Another great way of bringing vibrancy to the web is a degree of randomisation. Bruno Simon of Three Journey and awesome portfolio fame weaves random generation into a lot of his projects, and the results are gorgeous. What’s more, they feel familiar, natural, because life is full of wildcards.

3D model

This needn’t be in fancy 3D models. You could lightly rotate images to create a more informal, photo album mood, or chuck in the occasional random link in a list of recommended articles, just to shake things up.

In a lot of ways, it boils down to an attitude of just trying stuff out. Make your own font, give the site a sepia filter, and add that easter egg you keep thinking about. Just because someone, somewhere has already done it doesn’t mean you can’t do it your own way. And who knows, maybe your way stumbles onto someplace wholly new.

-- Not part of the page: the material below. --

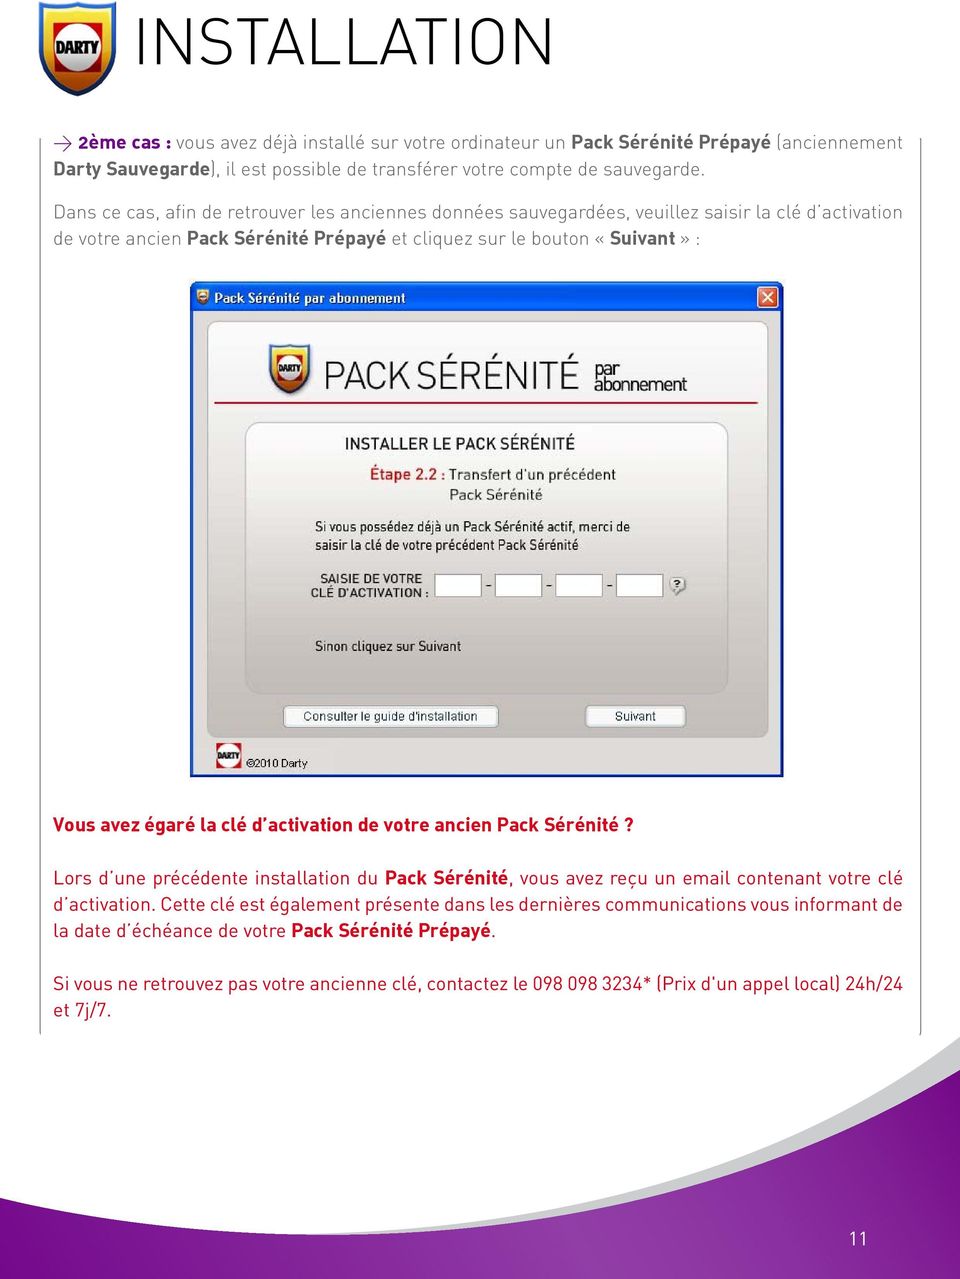 égaré la clé d activation de votre ancien Pack Sérénité? Lors d une précédente installation du Pack Sérénité, vous avez reçu un email contenant votre clé d activation.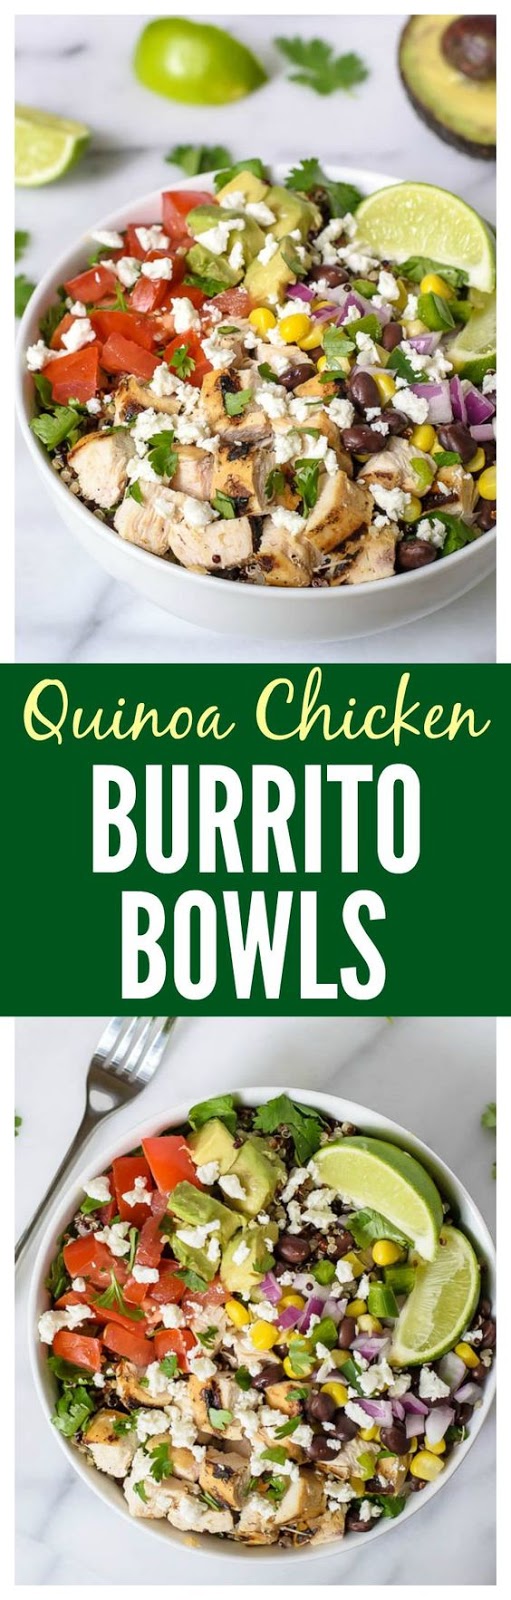 Chipotle Burrito Bowls with Chicken, Quinoa, and Avocado - Foodandcake123

I’m wary of being too prescriptive. I don’t have the keys to a colourful web. No one person does. A vibrant community is the sum total of its people. What keeps things interesting is individuals trying wacky ideas and putting them out there. Expression for expression’s sake. Experimentation for experimentation’s sake. Tinkering for tinkering’s sake.

As users, there’s also plenty of room to be adventurous and try out open source alternatives to the software monopolies that shape so much of today’s Web. Being active in the communities that shape those tools helps to sustain a more open, collaborative digital world.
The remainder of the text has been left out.